(Provided data begins)
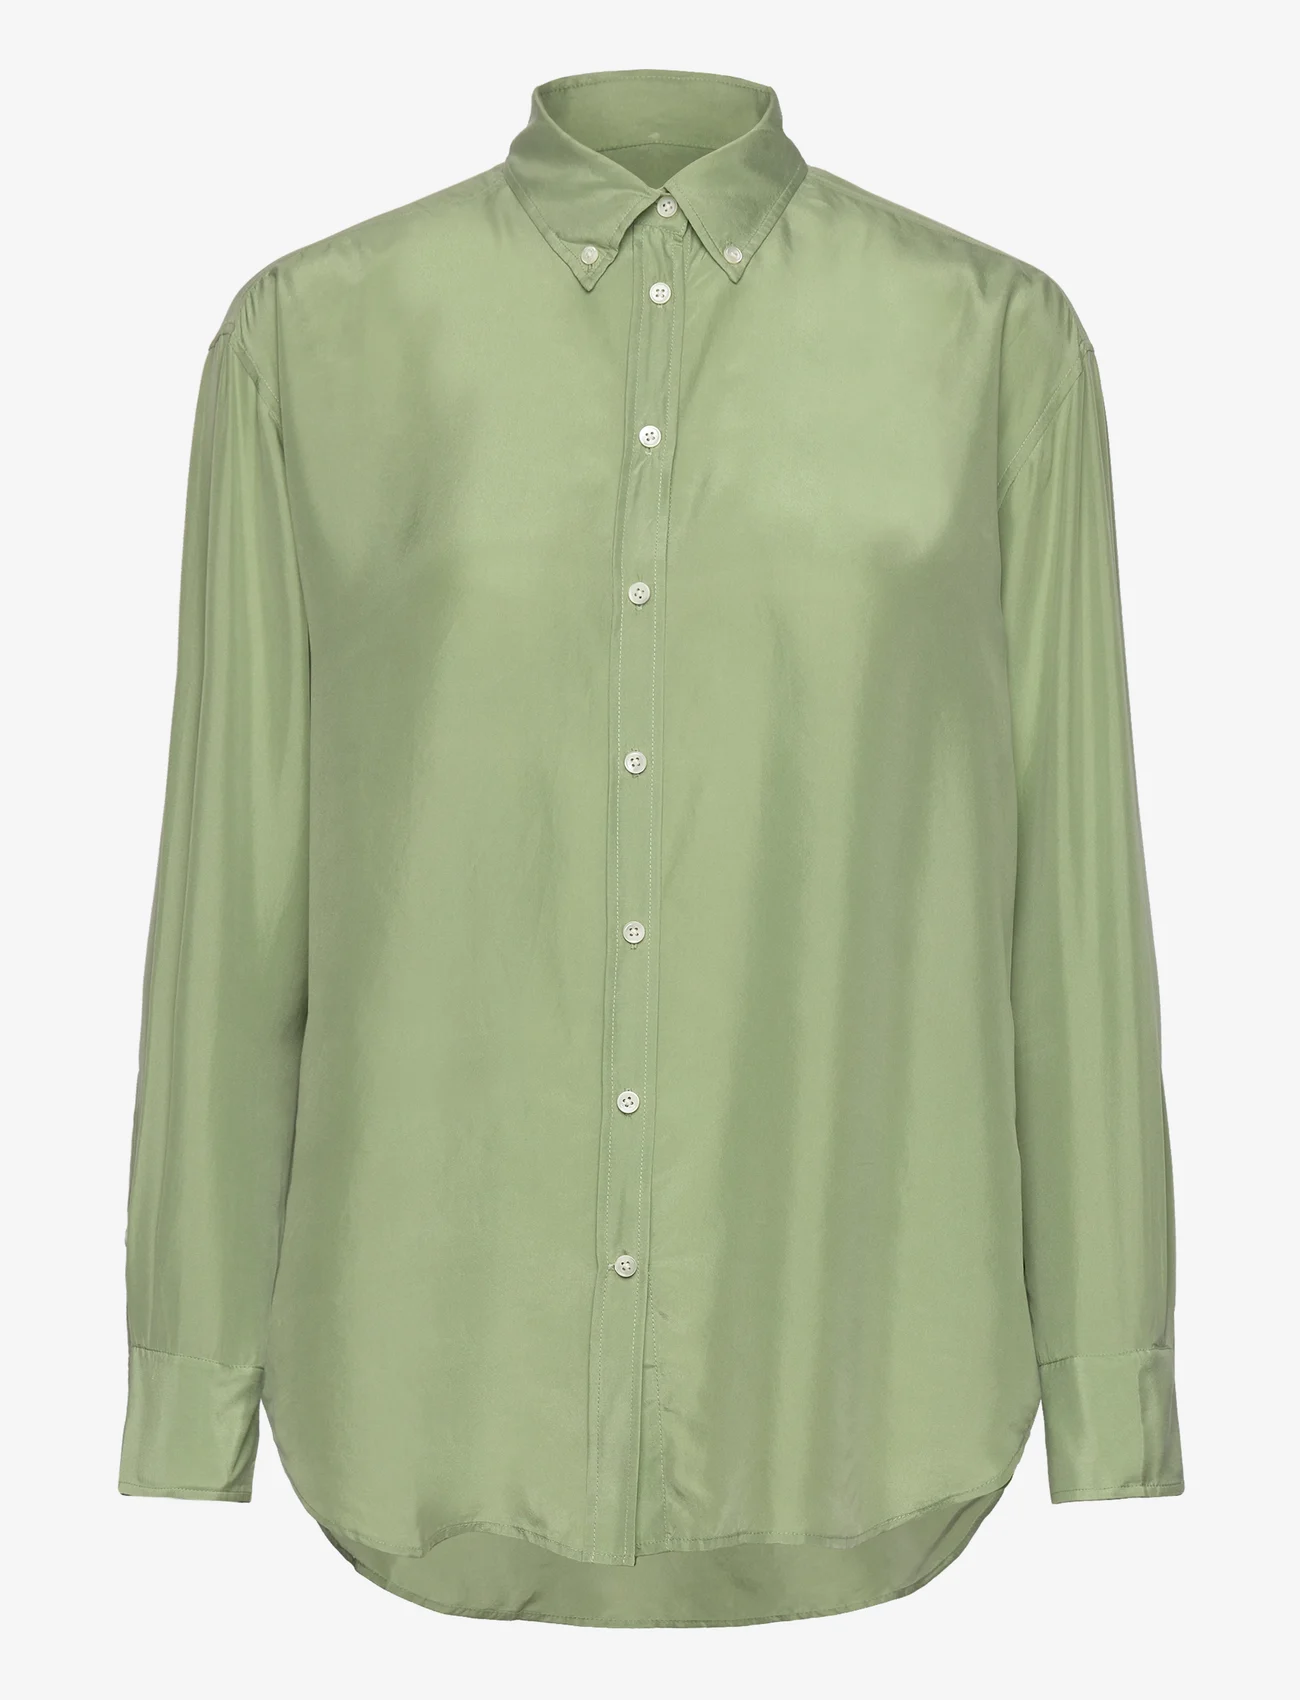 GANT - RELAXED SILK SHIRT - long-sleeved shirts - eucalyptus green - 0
(Provided data ends)
(Provided data begins)
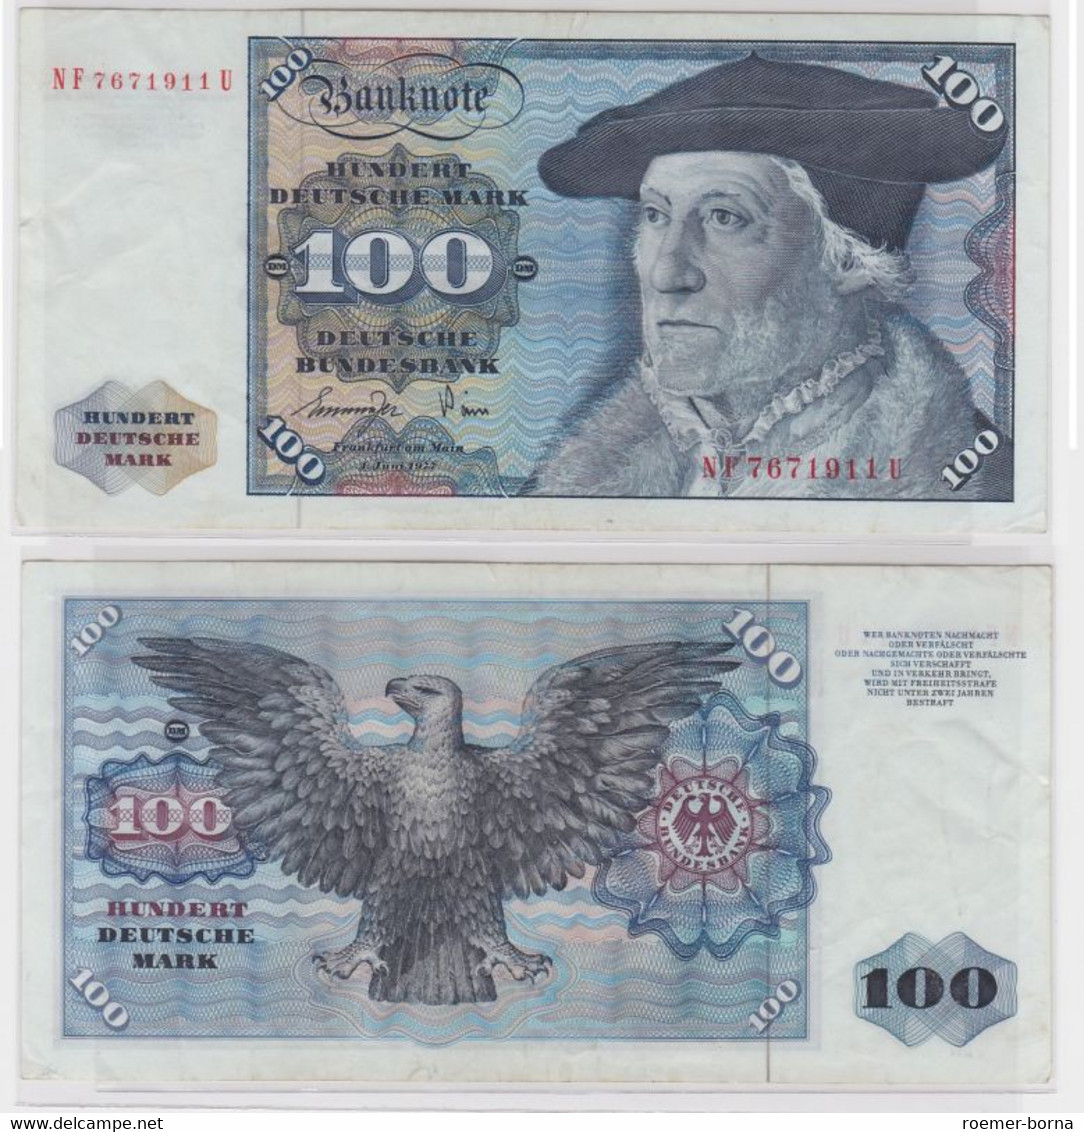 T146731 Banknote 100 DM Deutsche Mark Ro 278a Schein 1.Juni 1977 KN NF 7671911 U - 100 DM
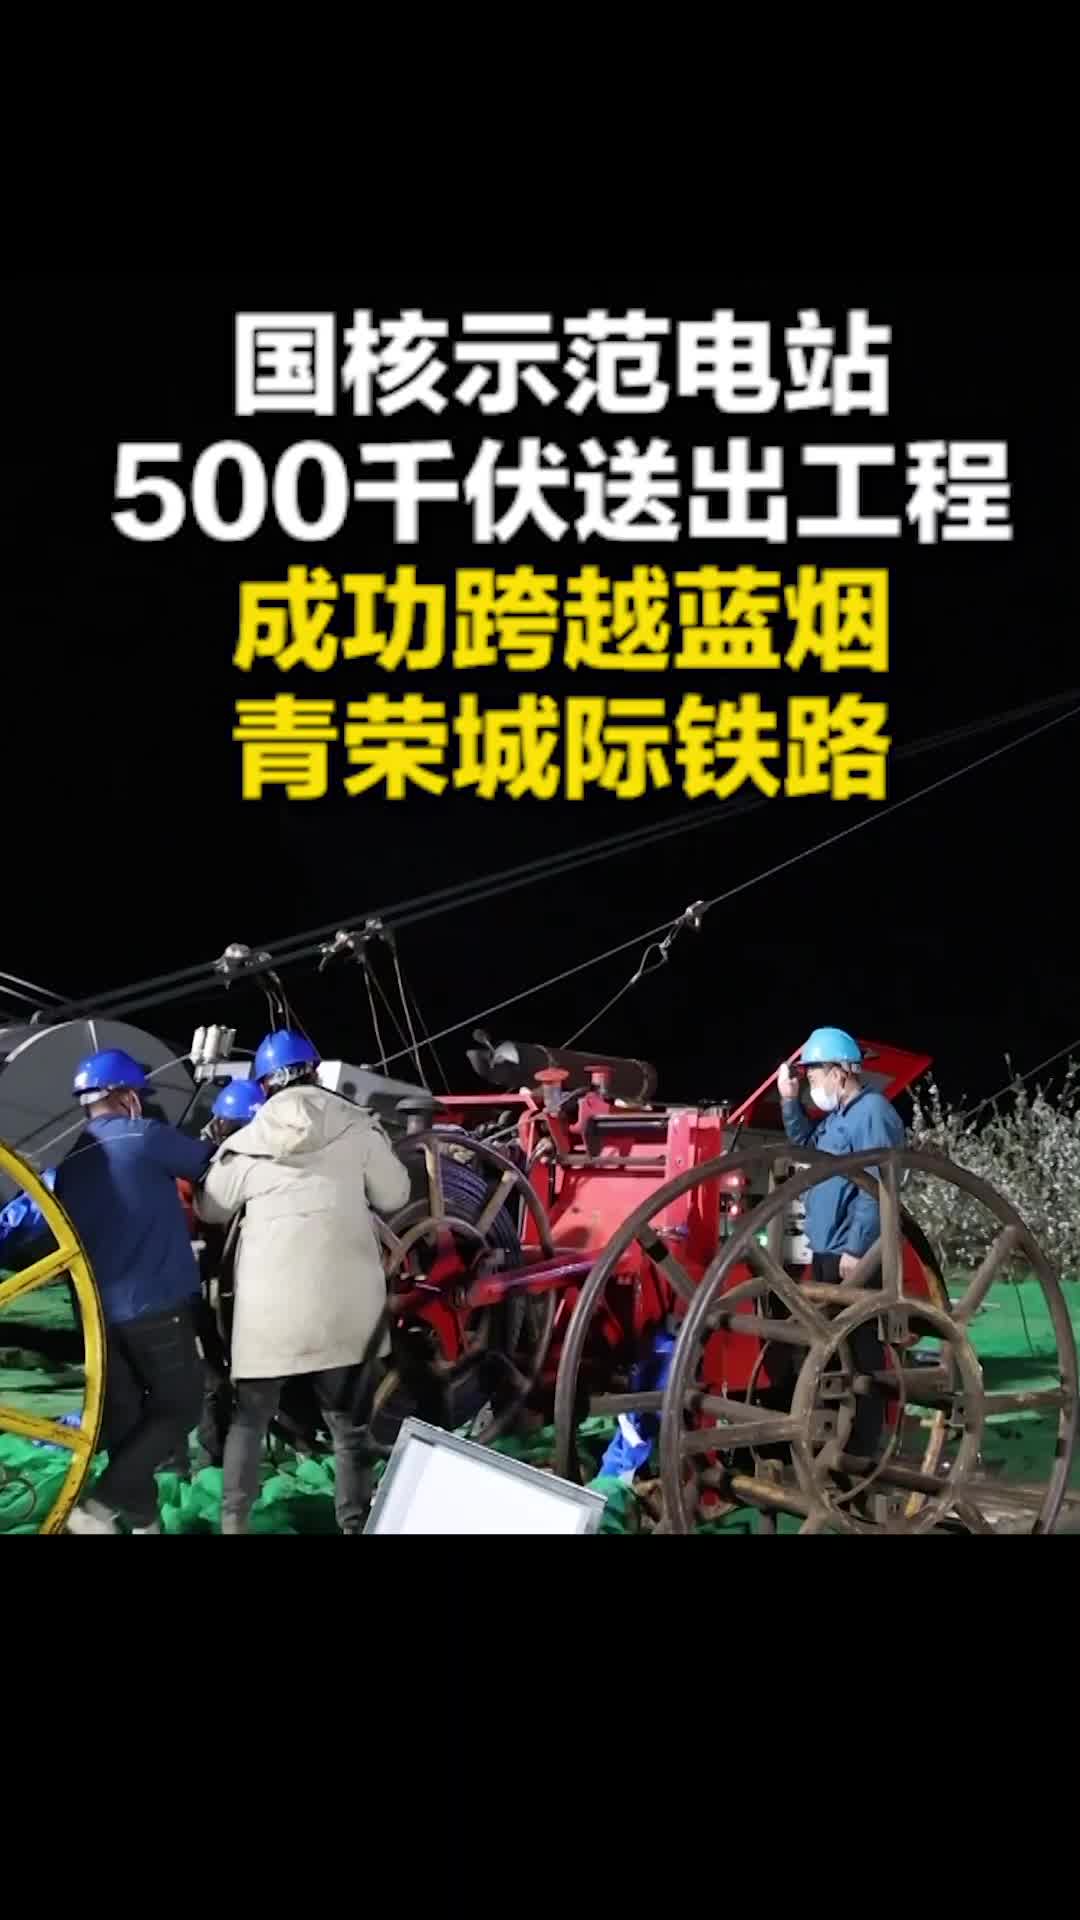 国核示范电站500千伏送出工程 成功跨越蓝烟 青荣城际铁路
(Provided data ends)
(Provided data begins)
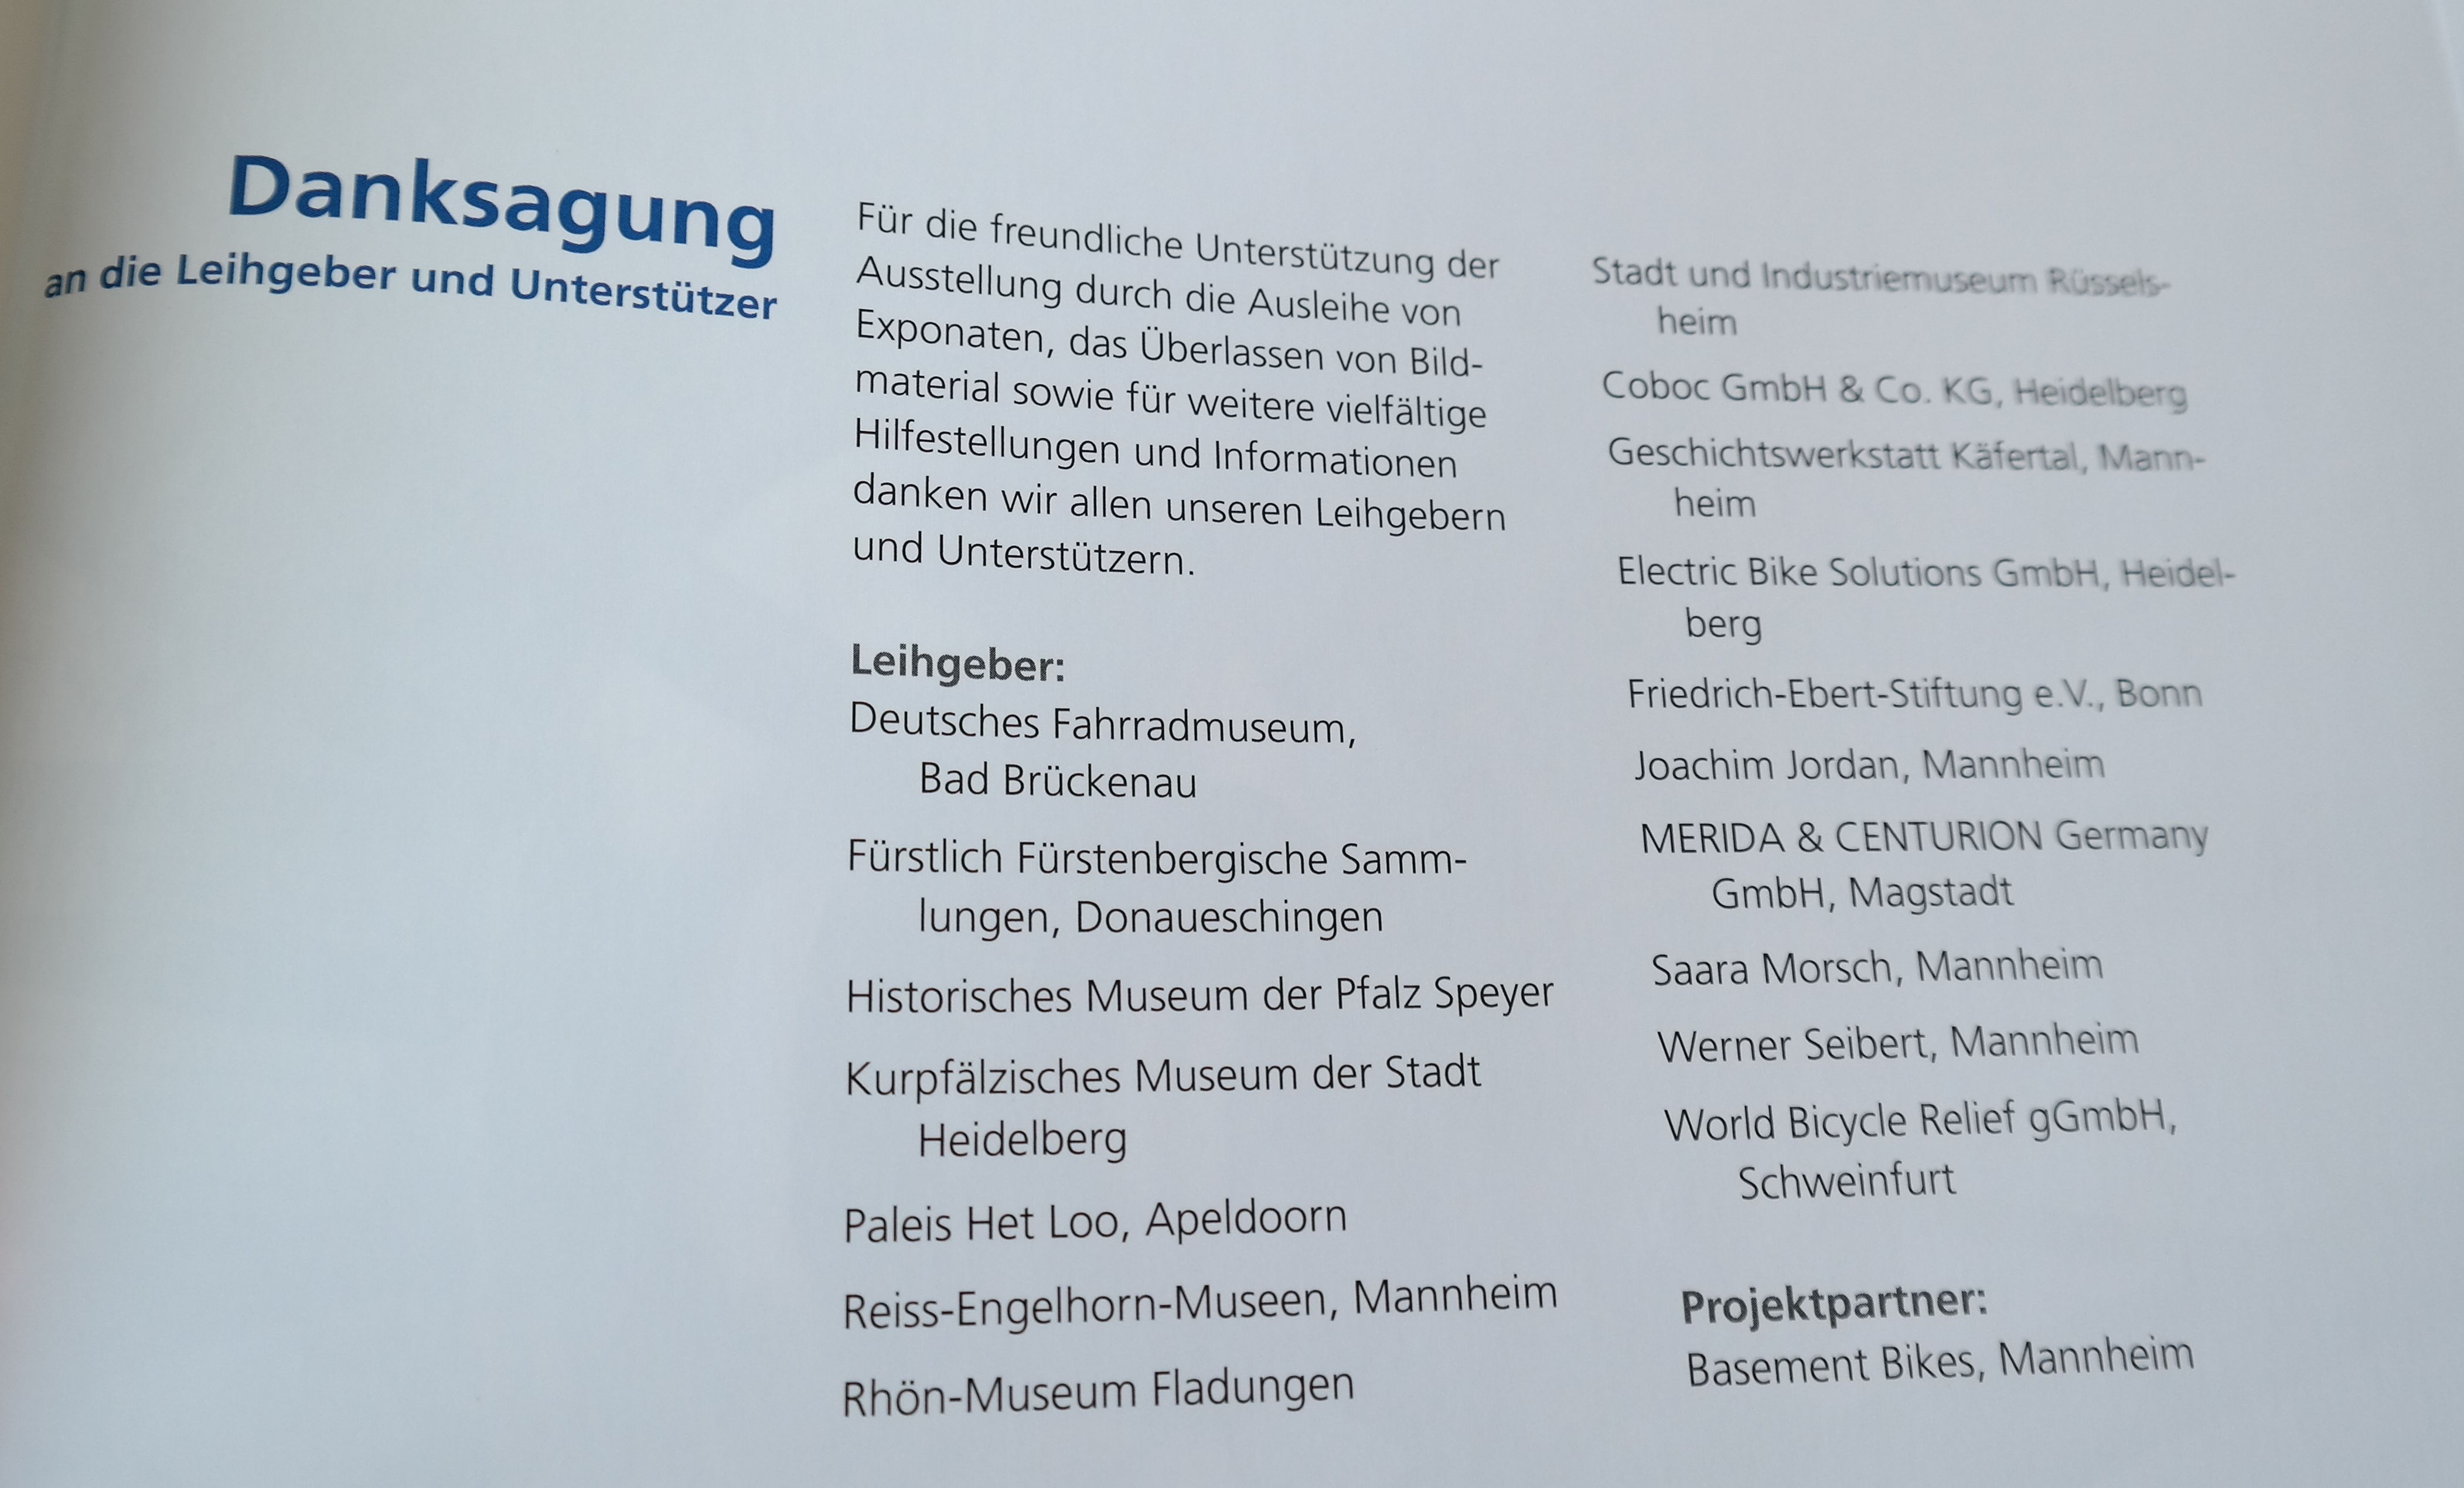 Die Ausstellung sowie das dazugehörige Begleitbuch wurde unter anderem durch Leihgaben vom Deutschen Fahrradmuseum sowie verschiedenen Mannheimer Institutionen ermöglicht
(Provided data ends)
- [Problem]: An exact copy is needed of the entries above, starting at the line that holds "T146731 Banknote 100" and stopping at the line that holds "国核示范电站500千伏送出工程 成功跨越蓝烟 青荣城际铁路", both kept; pictures stay out.

- [Expected output]:
 T146731 Banknote 100 DM Deutsche Mark Ro 278a Schein 1.Juni 1977 KN NF 7671911 U - 100 DM
 国核示范电站500千伏送出工程 成功跨越蓝烟 青荣城际铁路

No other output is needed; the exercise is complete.